I think TheAttorney put it eloquently in his post.
  
  
 well, 5% points doesn't seem a lot in terms of price/difference ratio, but if you've already have what is considered a well chosen hi-end system, you're probably already 75% there. so an increase of 5% in SQ can be a huge difference. you're probably never gonna get 100% fidelity, but you can definitely get more than the 75%. whether is cables, or a dedicated power supplies... it all add up. however, the trick is to try to find out where the weakest link is, as more often than not people spend money on stuff they don't need.
  
 Quote:


zombywoof said:


> This whole cable upgrade thing has me a bit mystified.  First off...I am not an electrician, or an electrical engineer, just curious.  I would guess that the controlling electrical property of the cable is the overall resistance...connectors, solder, conductor all in the mix, and that lowest possible resistance is desired.  If this is true, consider the equation:
> 
> RESISTANCE = (RESISTIVITY x LENGTH) / AREA
> 
> ...


----------



## zombywoof

I do not disagree, Lenni.  If you are "almost there' in terms of maximizing SQ, maybe that last 5% improvement will do it.  But if the 5% is significant, and the resistance discussion is relevant, then the changes in SQ you could realize from a shorter cable would be several times more significant.  Have you ever seen anyone (user or custom cable manufacturer) testify as to the virtues of shortening the cable?  I have not, and this causes me to question the entire premise of detectable SQ improvement from custom cables.


----------



## Tristan944

Claritas said:
			
		

> *Claritas*





> Even so, my favorite product to laugh at is P.W.B. Electronics Cream Electret, a cream (you read that right) you spread on your furniture in front of your audio gear that has an unexplained chemical effect on your mood.


 
 If they make a cream, they should also make a pill.

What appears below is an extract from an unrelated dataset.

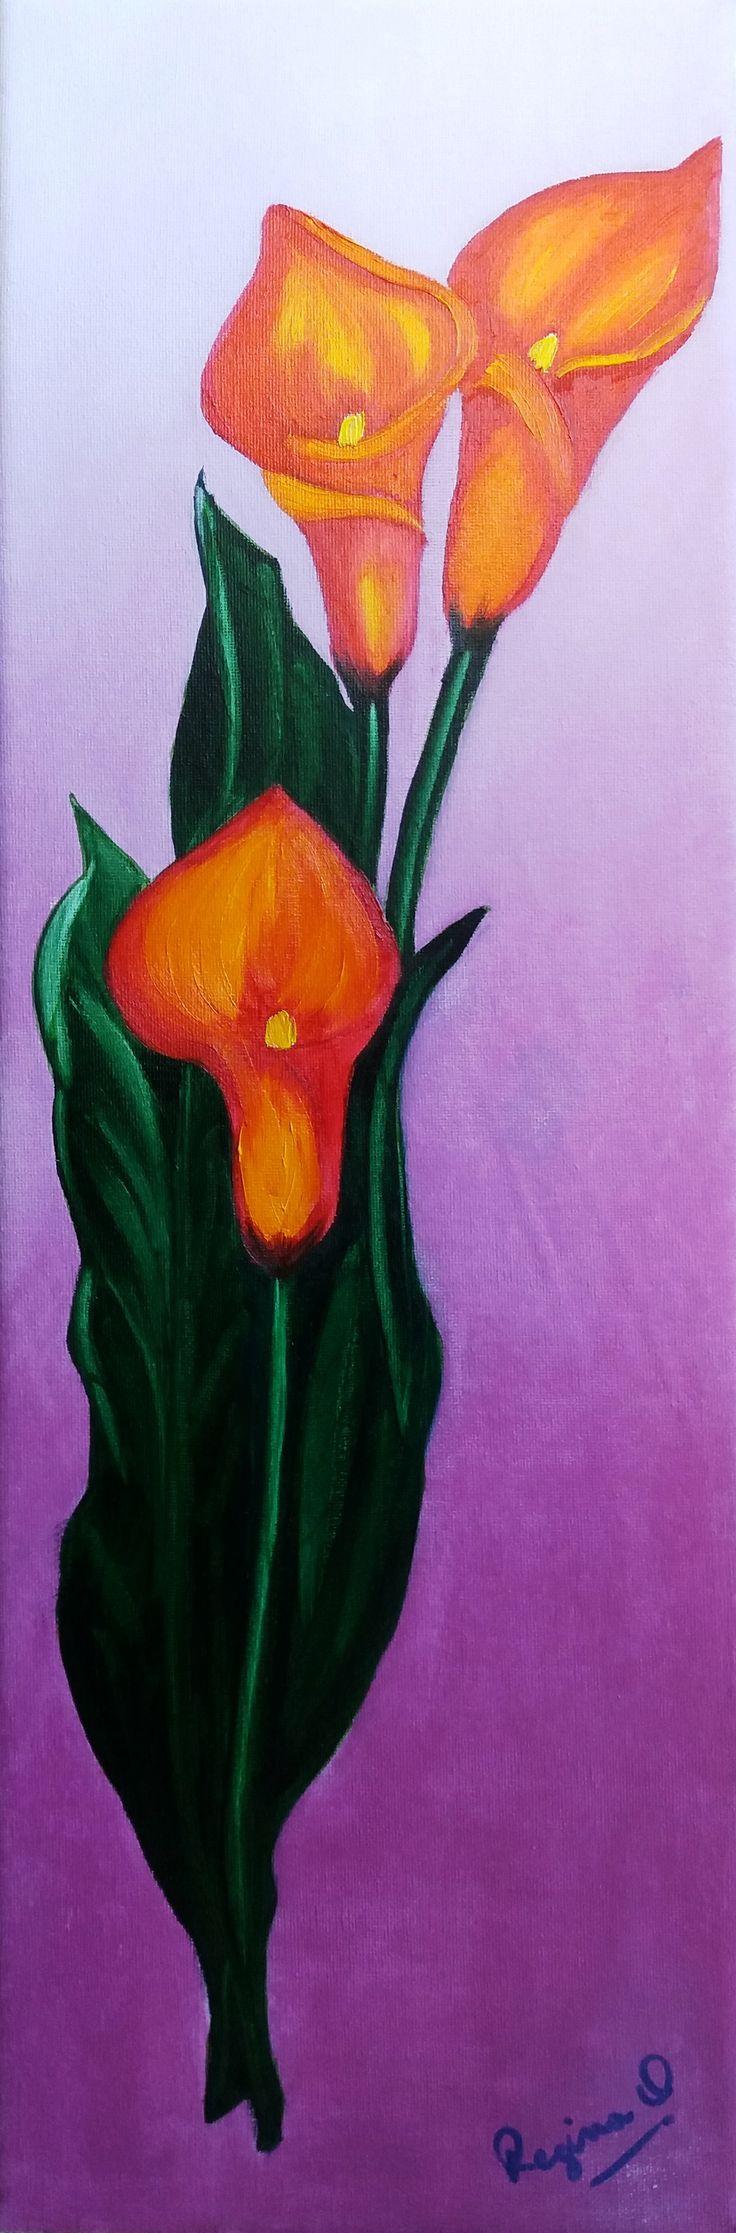 Regina Oyarzún Calas naranja óleo sobre tela de 20x60 cms (réplica libre)

An antipsychotic that increases hearing ability.


----------



## monkeyboylee

zombywoof said:


> This whole cable upgrade thing has me a bit mystified.  First off...I am not an electrician, or an electrical engineer, just curious.  I would guess that the controlling electrical property of the cable is the overall resistance...connectors, solder, conductor all in the mix, and that lowest possible resistance is desired.  If this is true, consider the equation:
> 
> RESISTANCE = (RESISTIVITY x LENGTH) / AREA
> 
> ...


 
  
 Sorry for picking up this old thread but this did interest me. I recently had to have my HE-400 cablepro freedom cable sent off to be re-terminated and noticed a massive difference going back to the stock cable, was so glad to get the cablepro back. This does help me understand what I am hearing tho, copper to silver cable, half distance and double area.... perhaps it is just as simple as that!


----------



## Happy Camper

We have a dilemma in science and hobbyist experience. Science says they can't measure any detectable differences within human hearing. The hobbyist says they can hear differences but are not credible to science acceptability. Both sides have points but it's just a rock throwing mess to come to a mutual solution. The desire is to minimize the imprint of a device (wire) on the signal. So nothing will make a signal any more than it is. But that's not what the claims say. They say more of the signal is being heard. So how do we put together a protocol that our Head Fi community can do at meets? We could put together a package of cables to send to meets and document results.


----------



## hartono99

It is very simple answer, if anyone can differentiate that a sewing needle is dropped from 1 meter or 1,1 meter to the floor, for sure this man can have benefit from expensive cable. Otherwise, it is only for prestige.  The capacitance, inductance and resistance of the cable, when it is not a damaged cable, will differ in a very small amount. FYI, the capacitance of 1 meter coax cable is 82 pf, the resistance  for some milliohms, when connected to a few tenth ohm of output amplifier, and few hundred ohm of next amplifier, nobody will hear the difference, absolutely.


----------